The second breakdown was that the accounts payable clerk walked the checks over to Jerry. Although not necessarily right, it is understandable that accounts payable would not have the time to audit Jerry's delinquency list. After all, accounts payable was processing more than 1,000 checks per week with a staff of six. However, it was unacceptable for the clerk to deliver the check directly to Jerry. The check should have gone from accounts payable to the vendor. The vendor invoice--or delinquency data in this case--should have contained all of the pertinent information to allow accounts payable to appropriately route the check.
BusyCo decided to report Jerry to law enforcement. Although $88,000 is not a significant amount of money for a $1 billion company, and the legal fees and other costs might be high, the company wanted to demonstrate to its employees that it would not tolerate fraud and would hold perpetrators accountable. Decisive and timely action such as this is critical to maintaining a sound control environment.

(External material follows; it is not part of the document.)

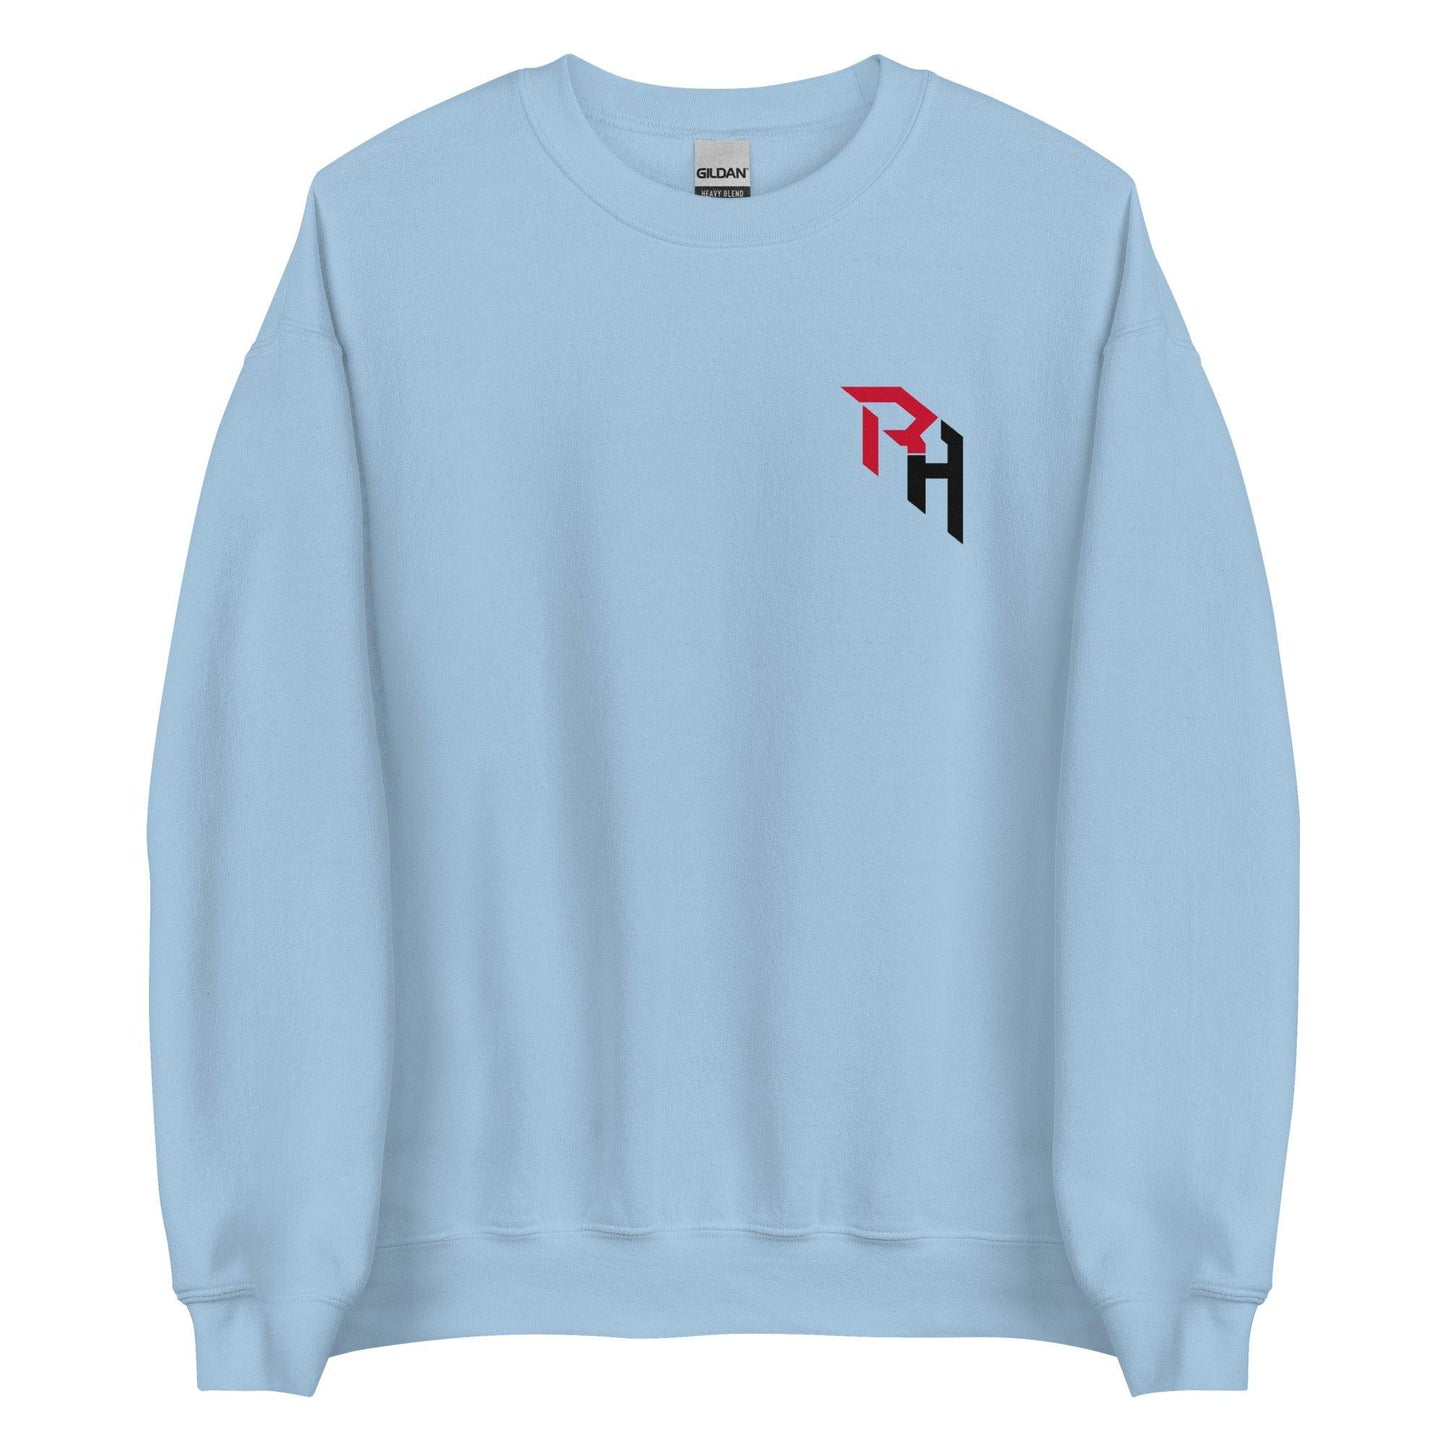 Rece Hinds "Elite" Sweatshirt - Fan Arch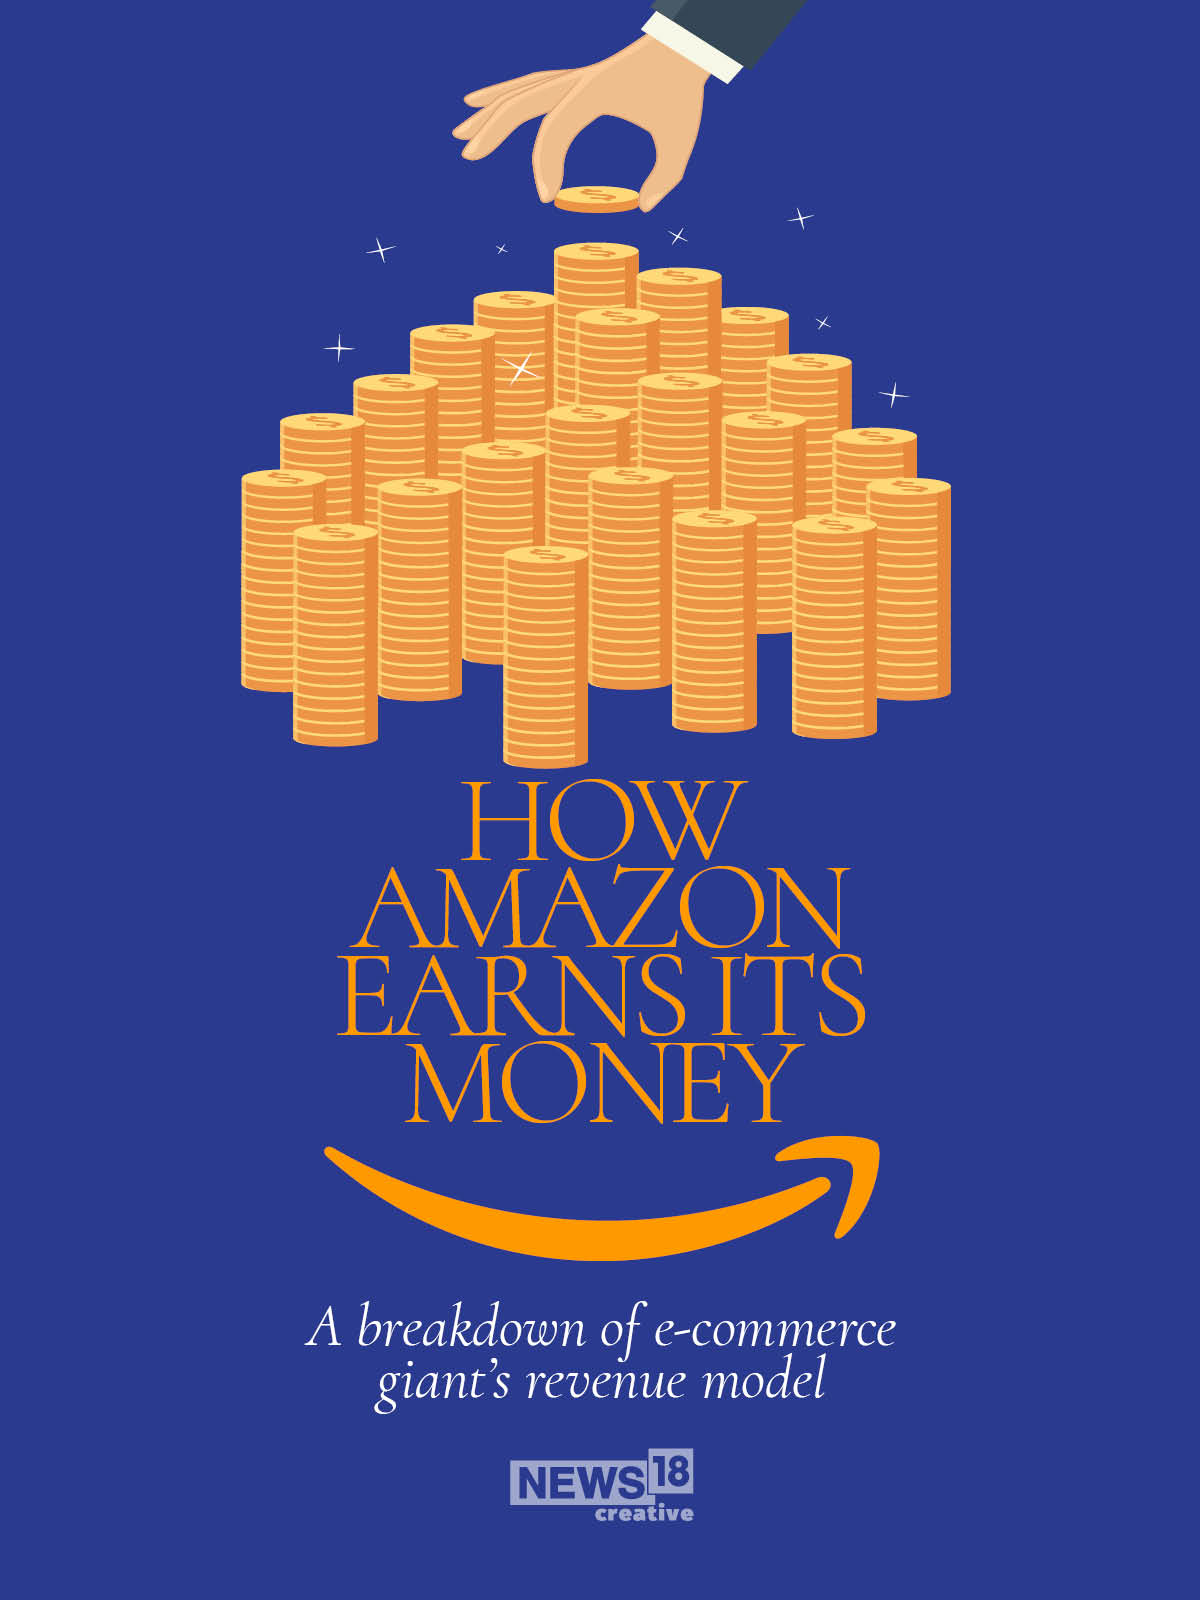 How Amazon makes its money

Not everyone is as diligent as Molly. The lesson she applied is an important one to teach operations personnel: Take the time to check anything that doesn't seem right. Because she spent a few minutes performing due diligence, Molly uncovered an $88,000 fraud.
Several symptoms may have flagged the fraud. If internal auditing had been testing the employee credit card charges, simply identifying the top 25 corporate card users and reviewing their charges would have flagged Jerry. Travel reimbursements of $88,000 in one year covers a lot of travel. Testing the accounts of the people with the most posted credits would have similarly flagged Jerry. Also, Jerry averaged three payments a month on his credit card over the course of a year, an unusual pattern that, if identified, should have been investigated.
Testing the top 25 corporate credit card users and searching for unusual patterns are the staples of any audit program that contains tests designed to uncover fraud.